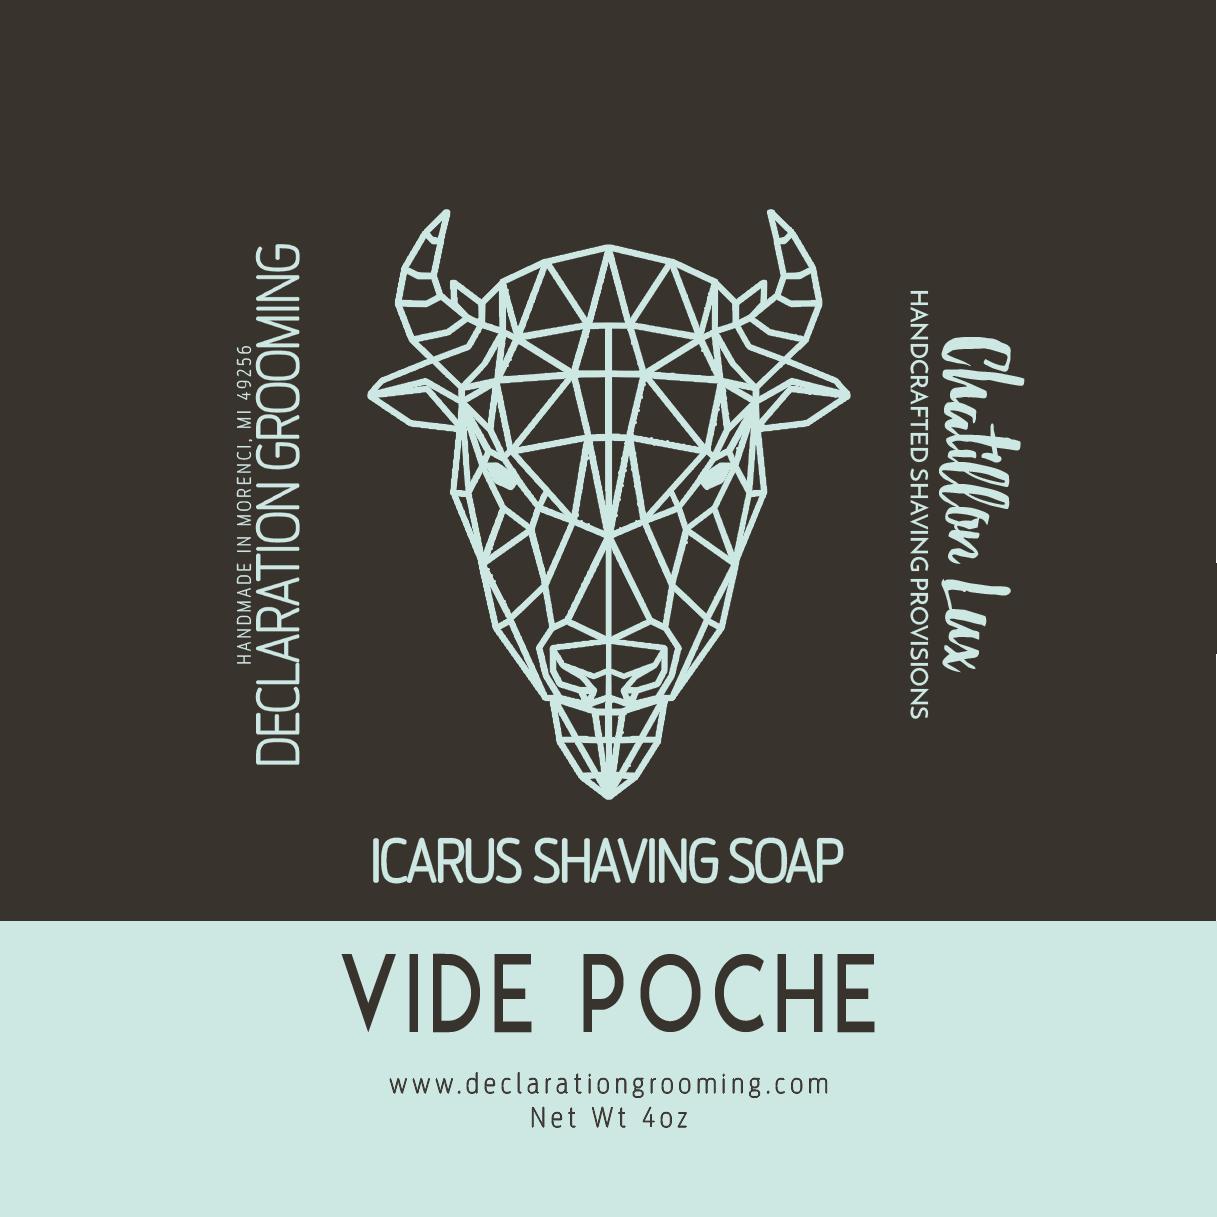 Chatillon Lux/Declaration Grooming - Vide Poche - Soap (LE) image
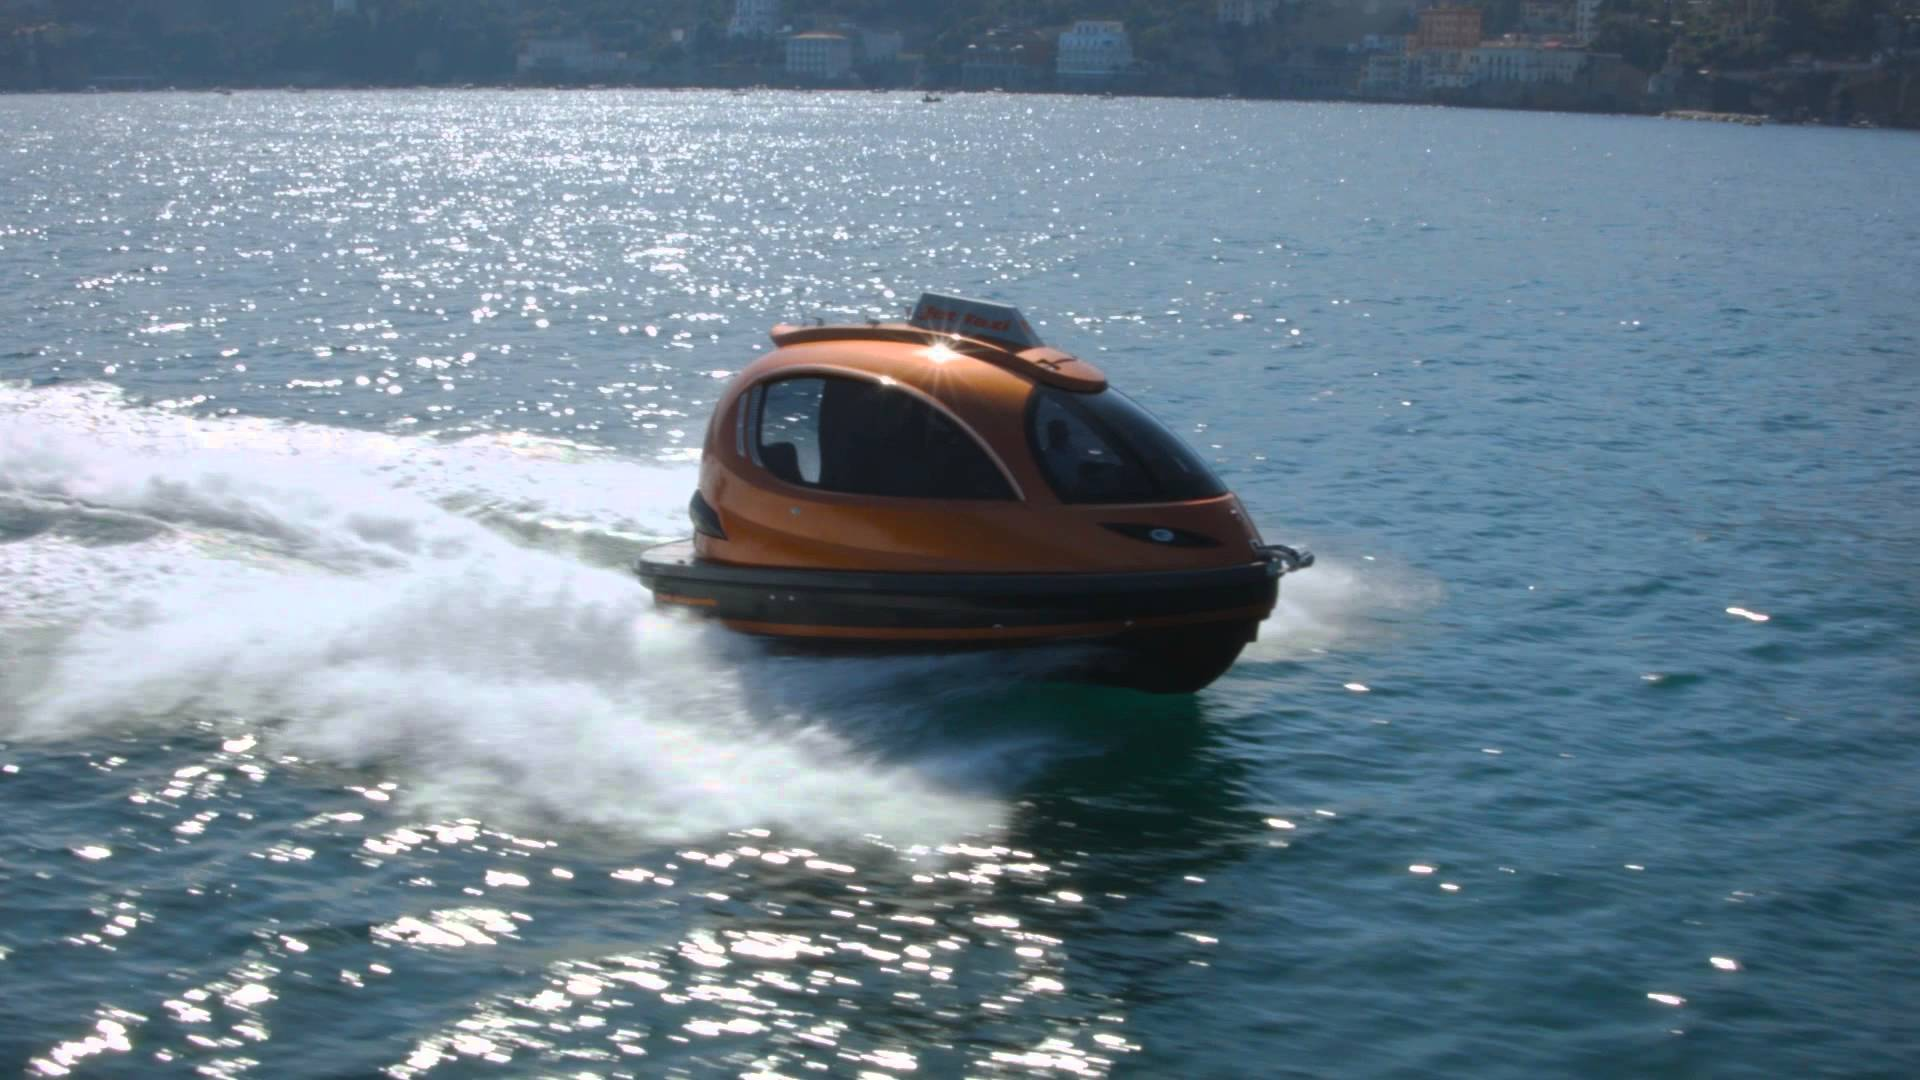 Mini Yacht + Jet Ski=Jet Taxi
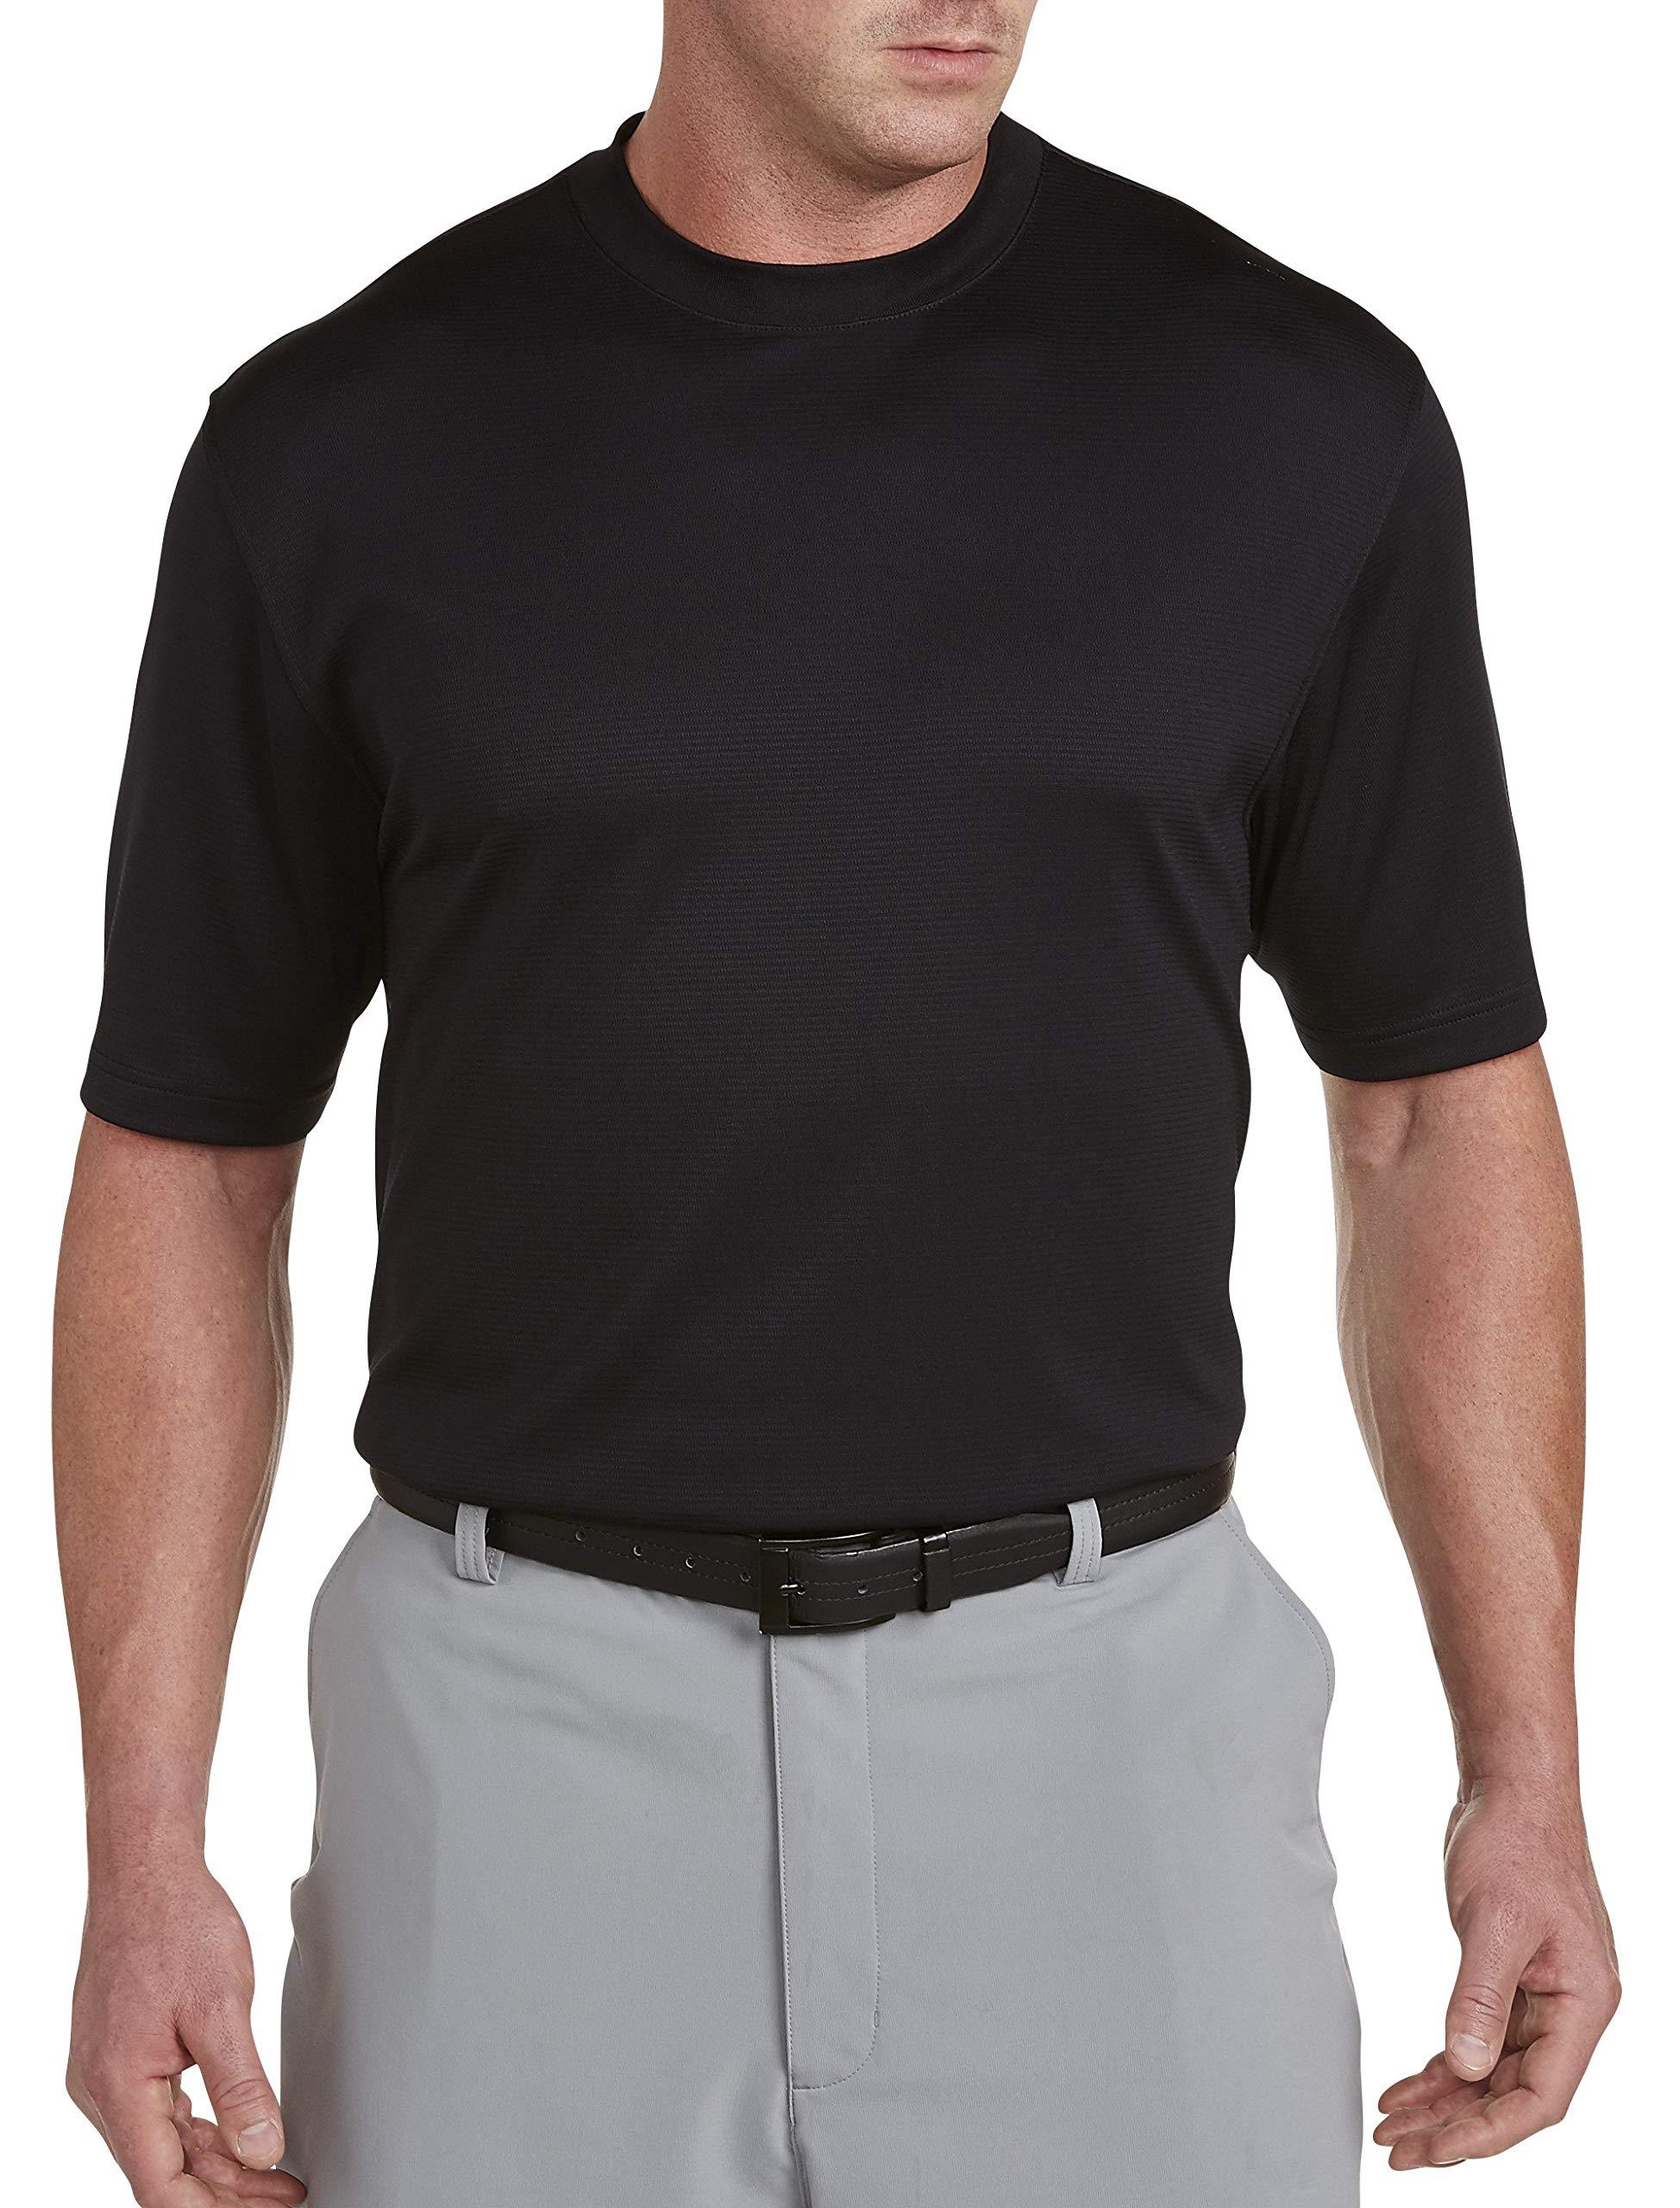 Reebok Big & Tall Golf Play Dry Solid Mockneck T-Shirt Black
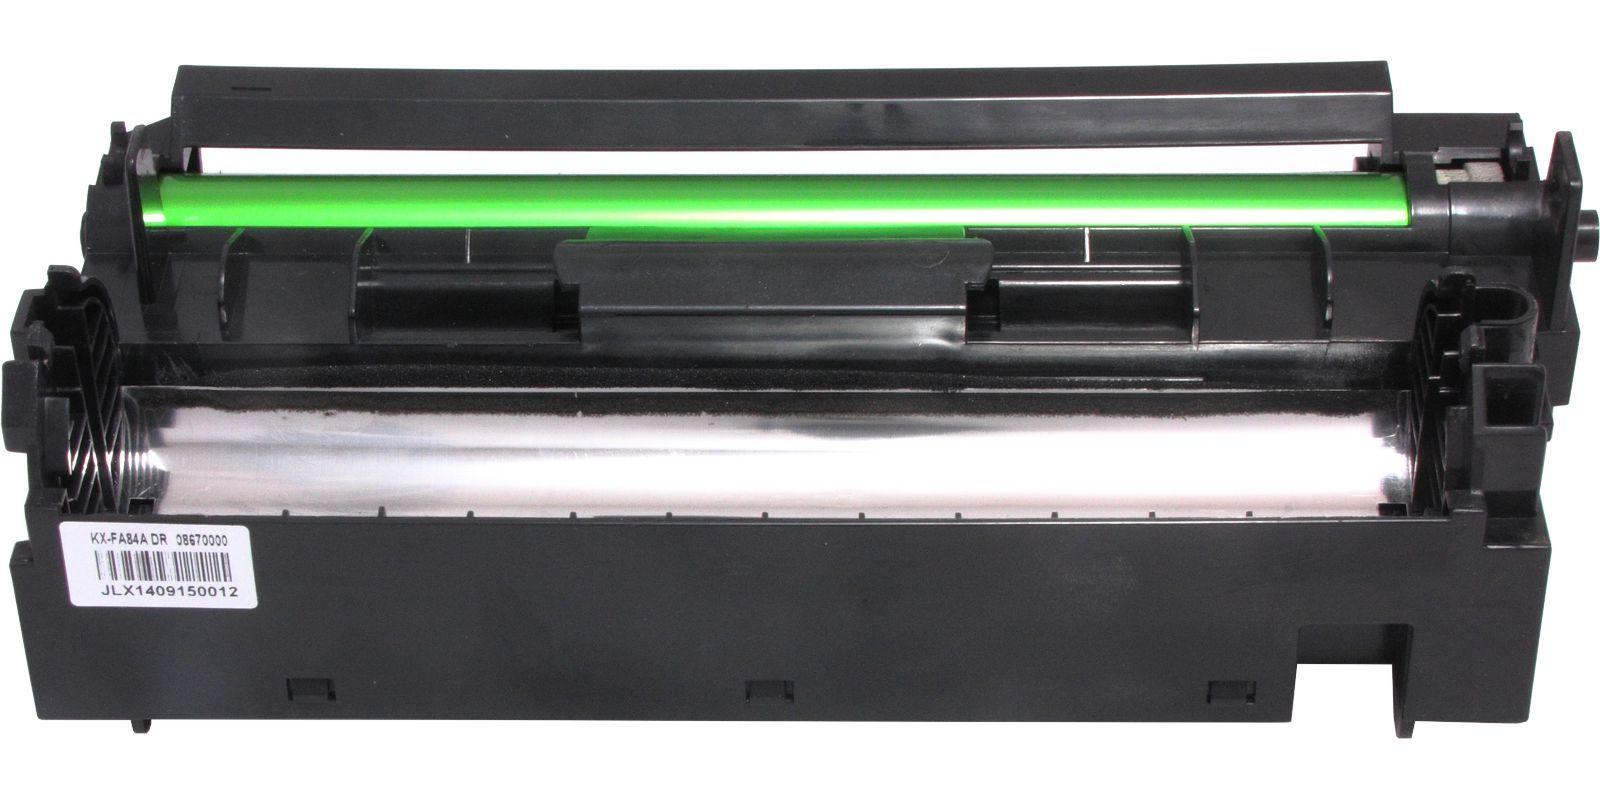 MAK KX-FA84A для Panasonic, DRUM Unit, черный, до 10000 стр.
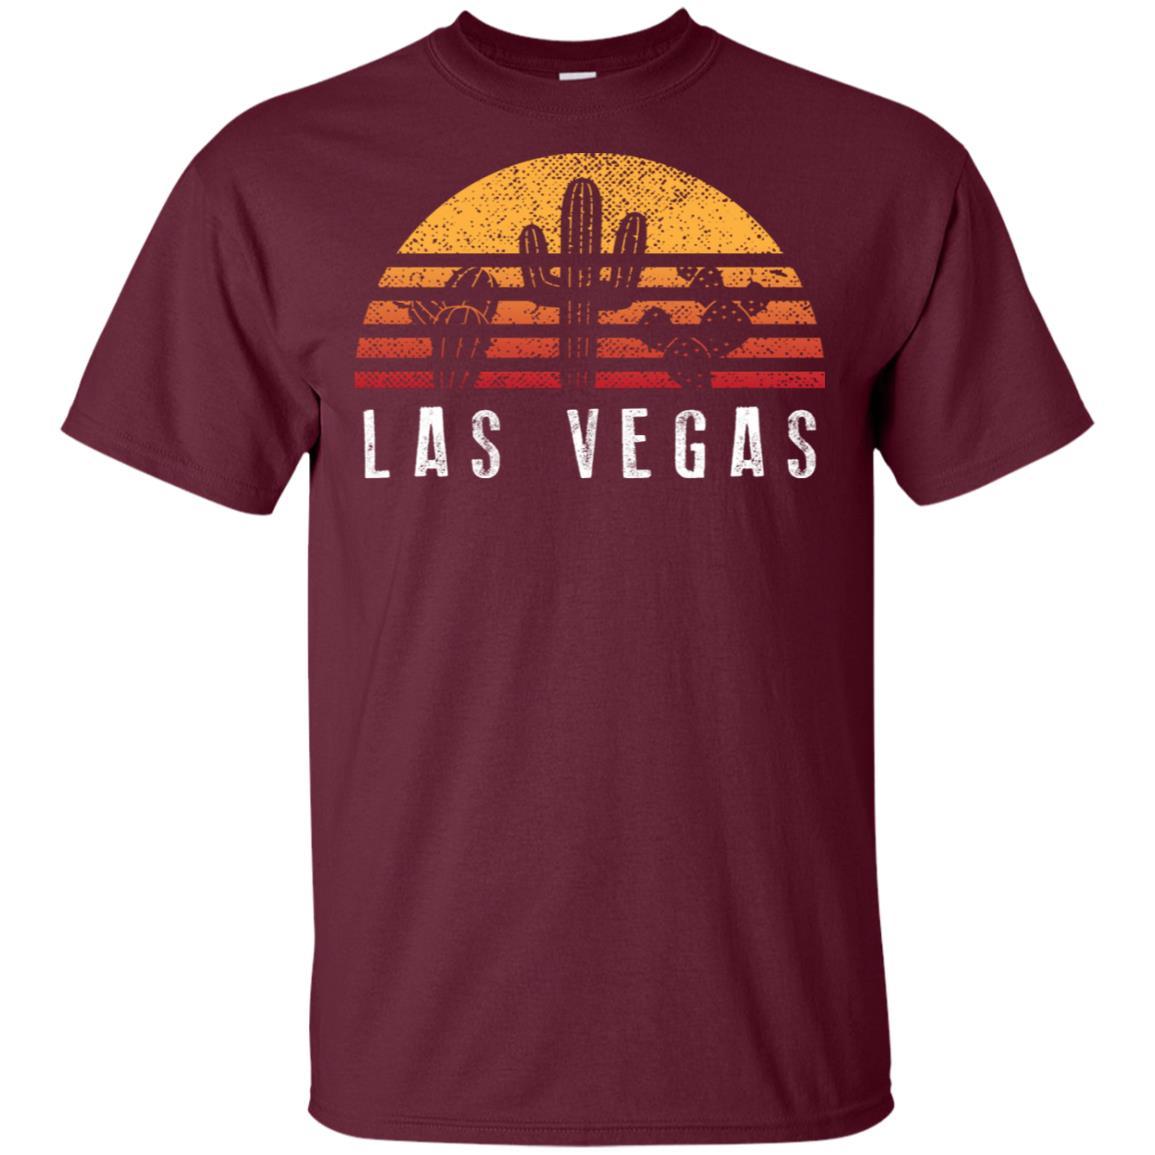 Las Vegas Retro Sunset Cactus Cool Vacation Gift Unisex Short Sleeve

● Task details:
Write the listing out a second time exactly, dropping all images.

● Result of the task:
 Chatillon Lux/Declaration Grooming - Vide Poche - Soap (LE) image
 Mini Yacht + Jet Ski=Jet Taxi
 Reebok Big & Tall Golf Play Dry Solid Mockneck T-Shirt Black
 MAK KX-FA84A для Panasonic, DRUM Unit, черный, до 10000 стр.
 Las Vegas Retro Sunset Cactus Cool Vacation Gift Unisex Short Sleeve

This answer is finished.